[Exercise data]

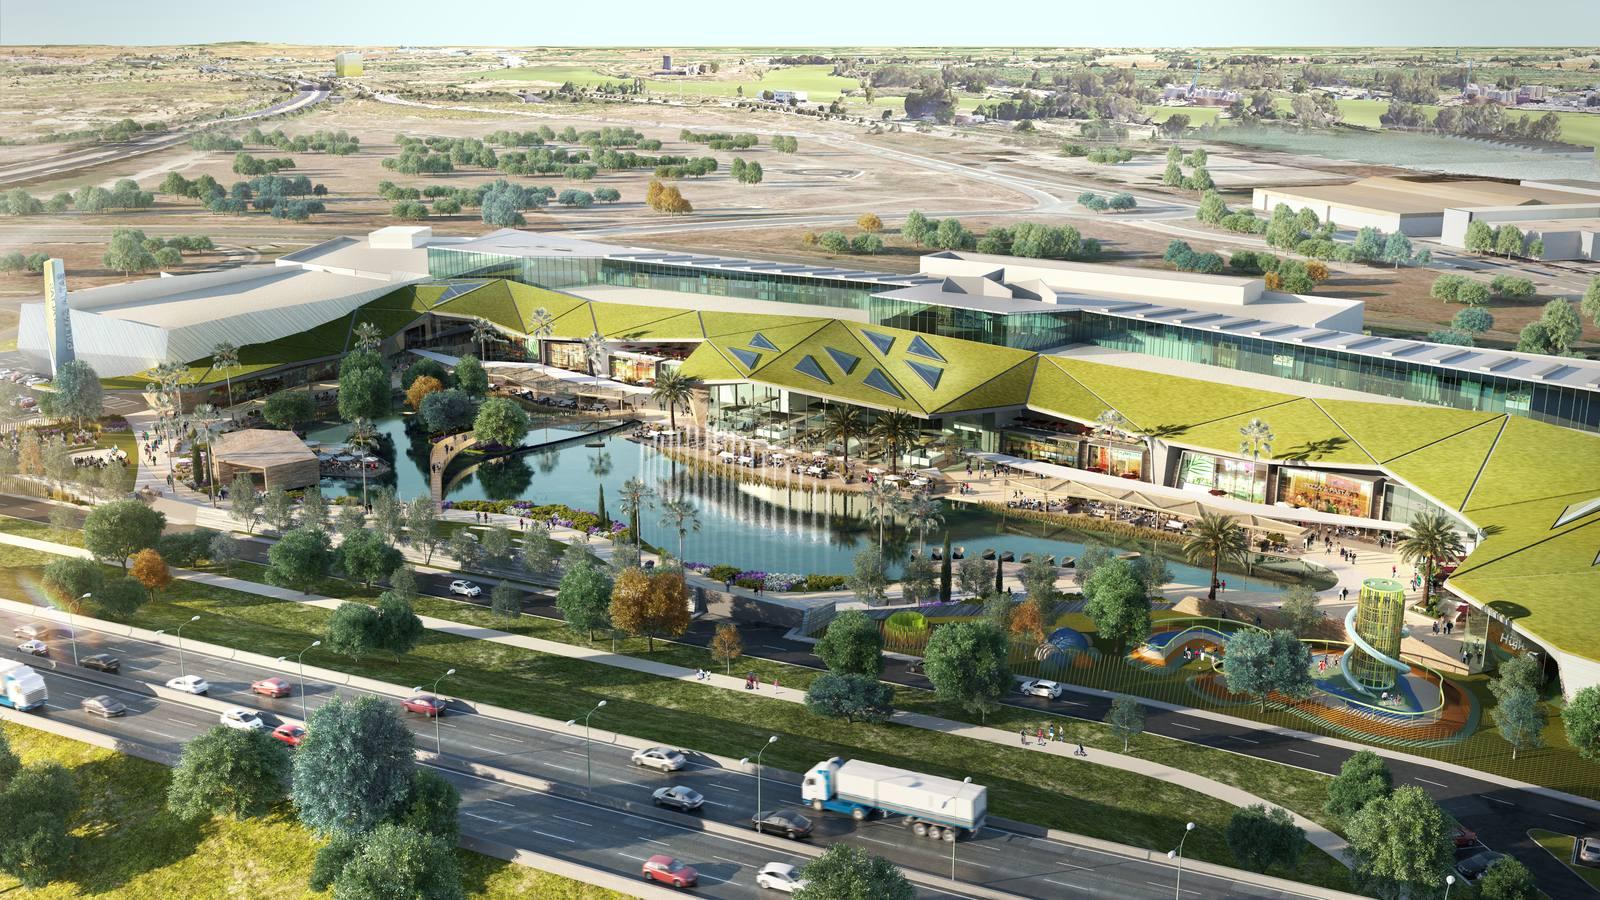 Comienzan las obras del centro comercial de Palmas Altas, que abrirá en 2019
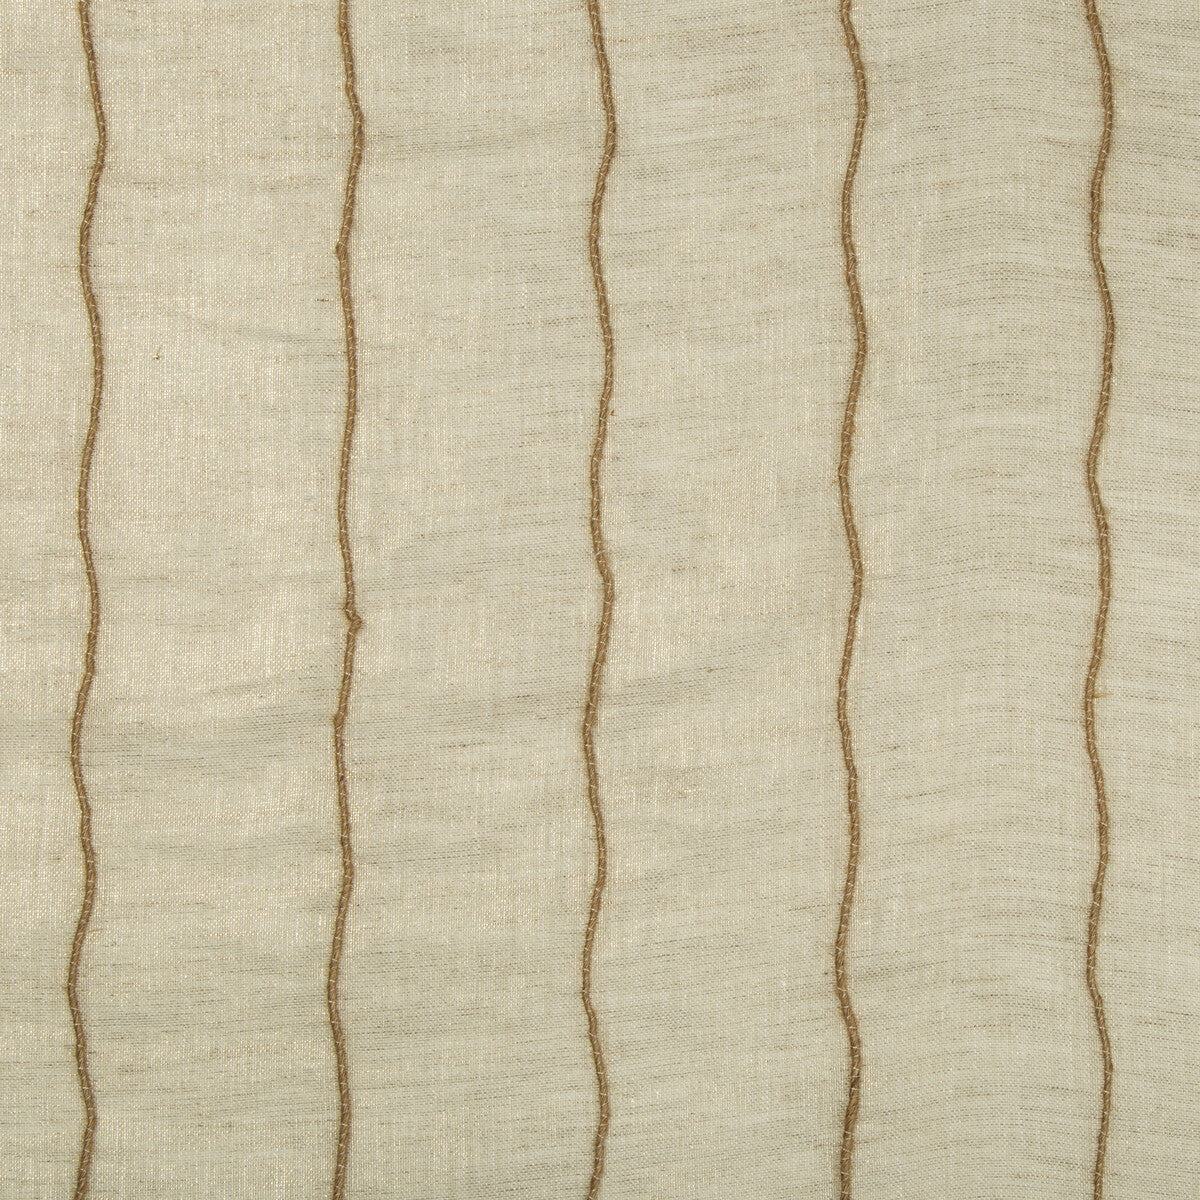 Kravet Basics fabric in 4425-416 color - pattern 4425.416.0 - by Kravet Basics
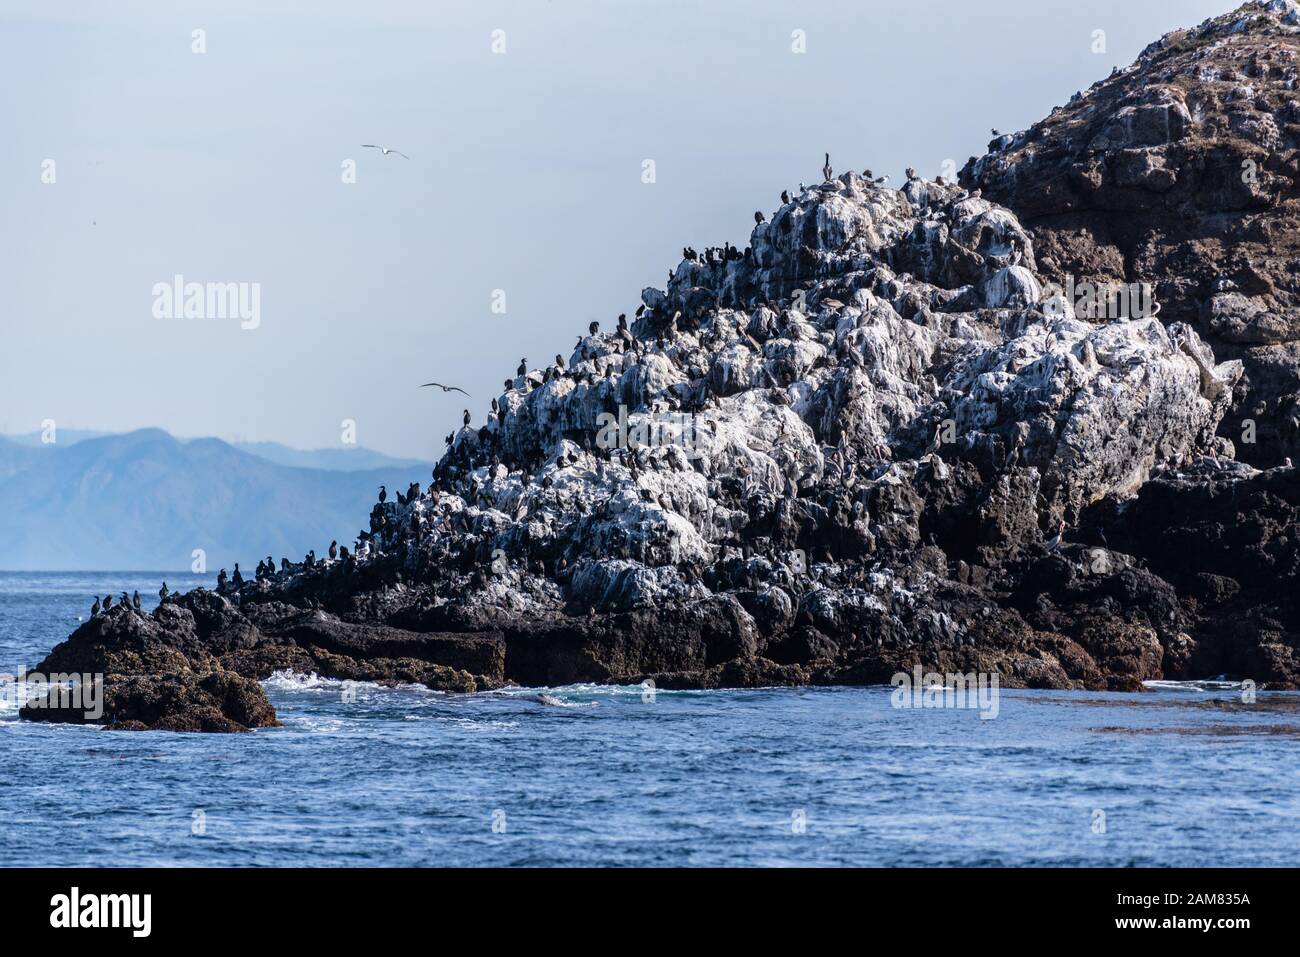 Anakapa Island, vor der Küste Südkaliforniens, hat eine große Population von Großen Cormorant-Vögeln, die auf dem vulkanischen Felsen am Westende von isl brüten Stockfoto
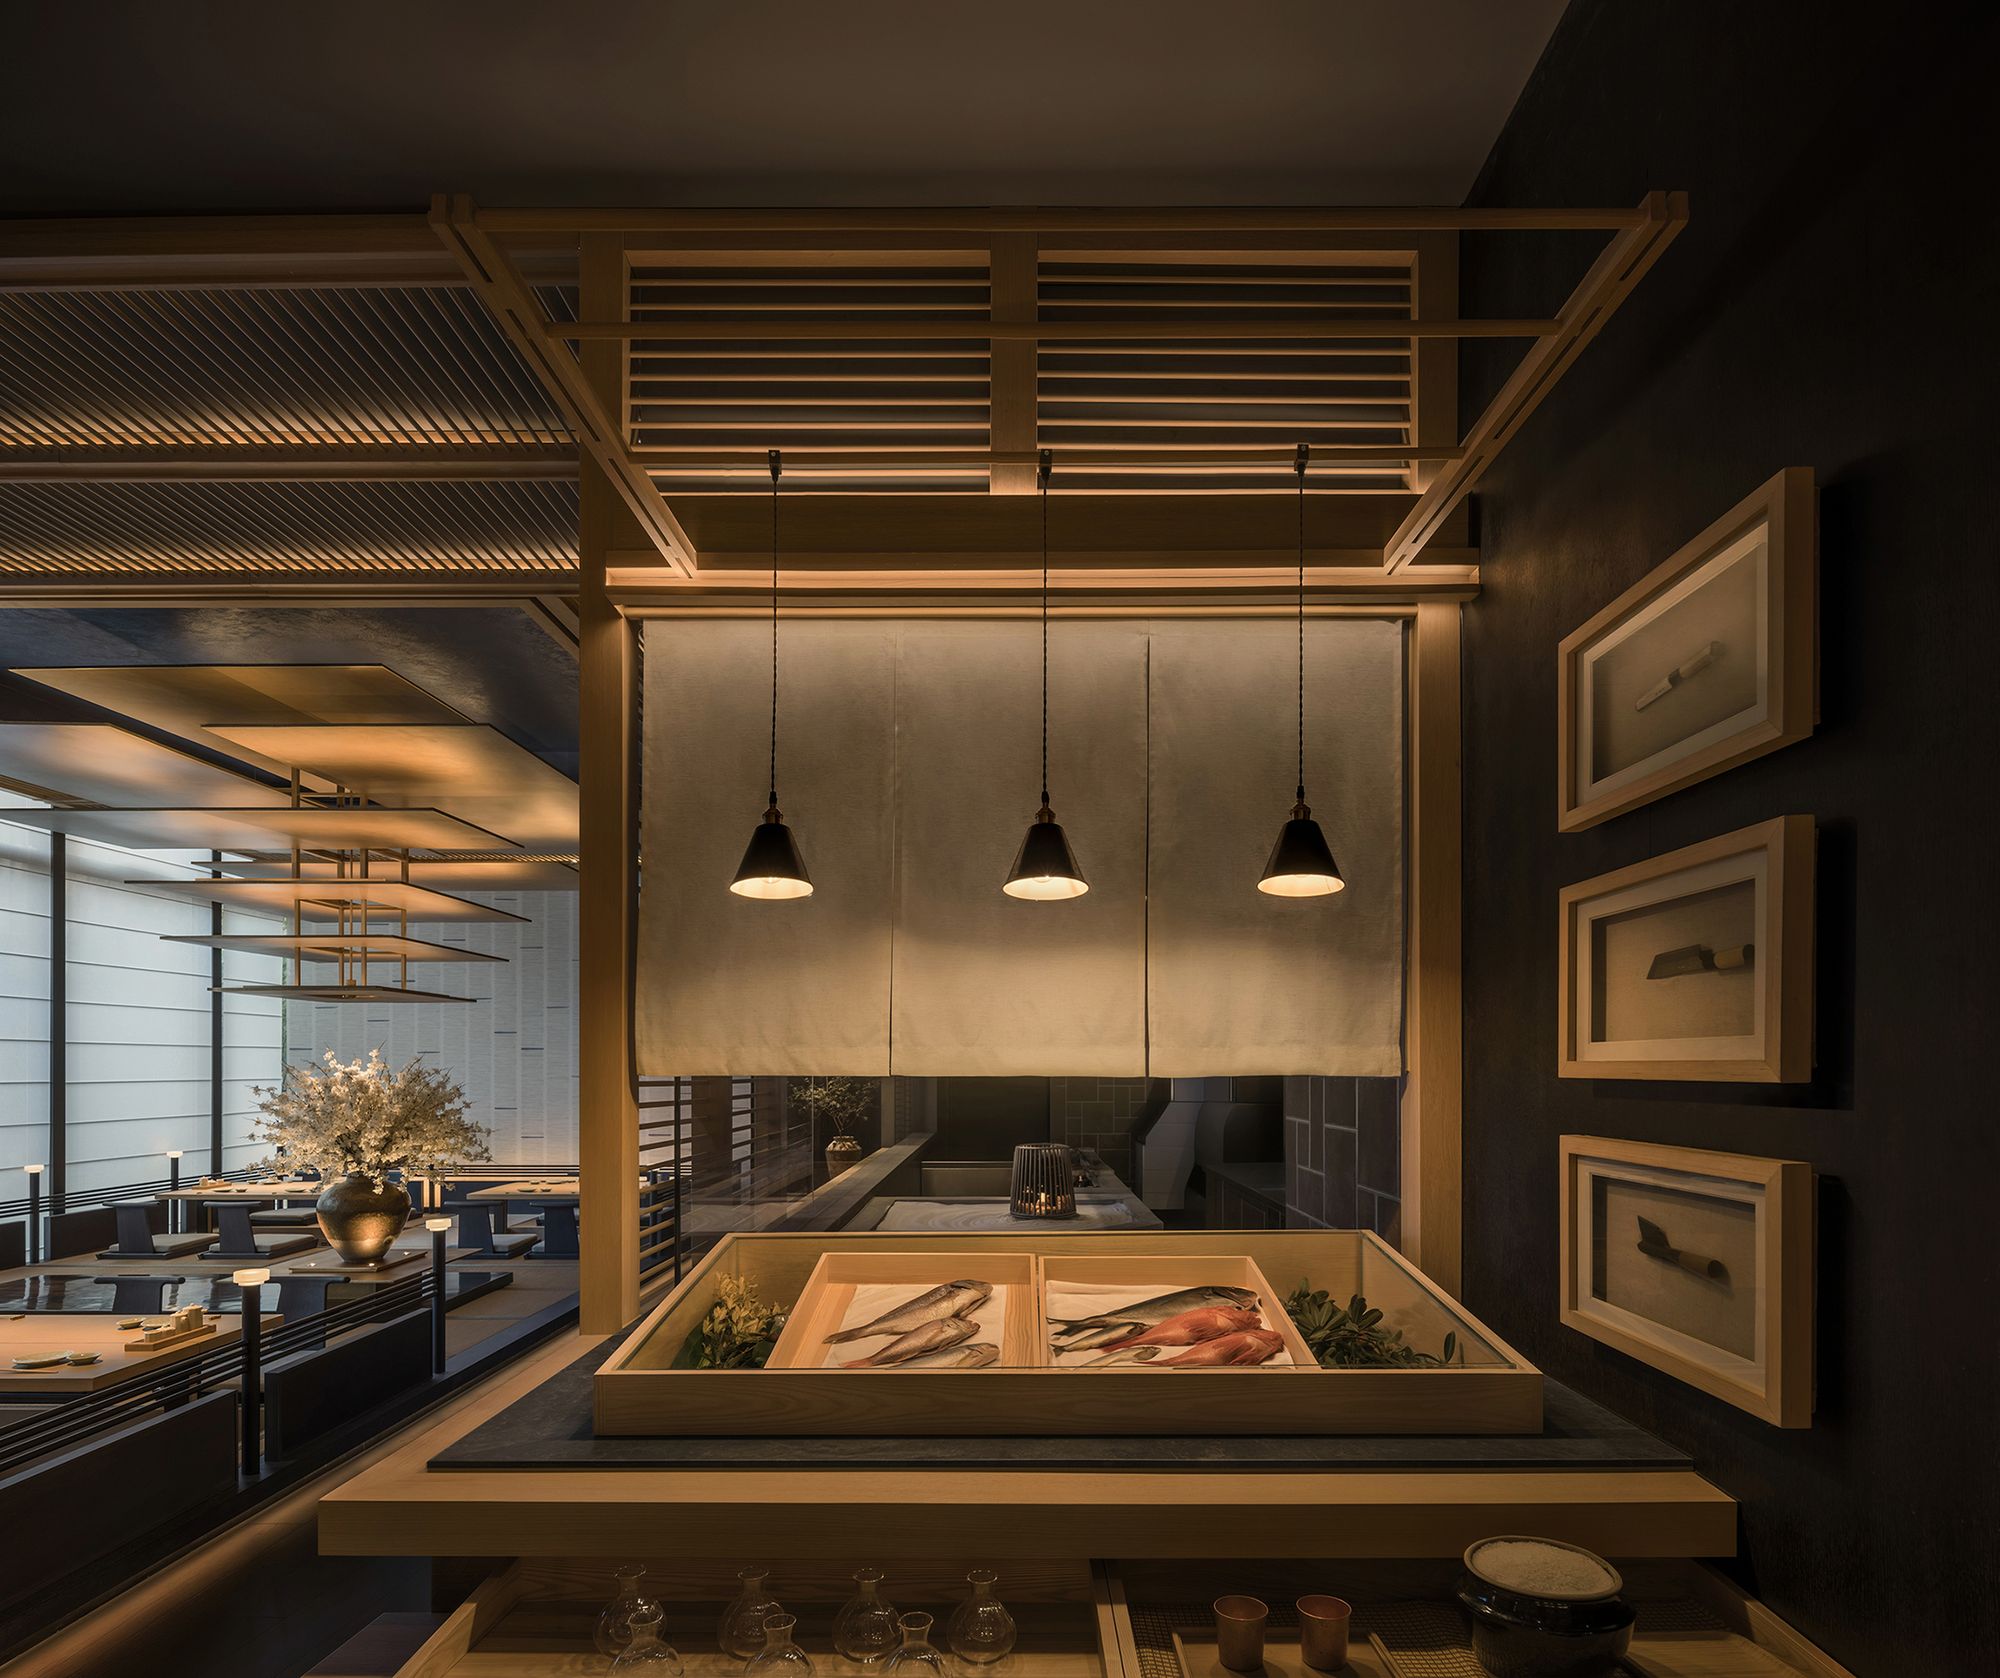 图片[4]|Aumann日本料理餐厅|ART-Arrakis | 建筑室内设计的创新与灵感

[/Exercise data]

• [What you have to do] Word for word and without pictures, restate only the lines running from the one that contains "Kravet Basics fabric" through the last line of the listing above.

• [Output for this exercise]
 Kravet Basics fabric in 4425-416 color - pattern 4425.416.0 - by Kravet Basics
 Anakapa Island, vor der Küste Südkaliforniens, hat eine große Population von Großen Cormorant-Vögeln, die auf dem vulkanischen Felsen am Westende von isl brüten Stockfoto
 图片[4]|Aumann日本料理餐厅|ART-Arrakis | 建筑室内设计的创新与灵感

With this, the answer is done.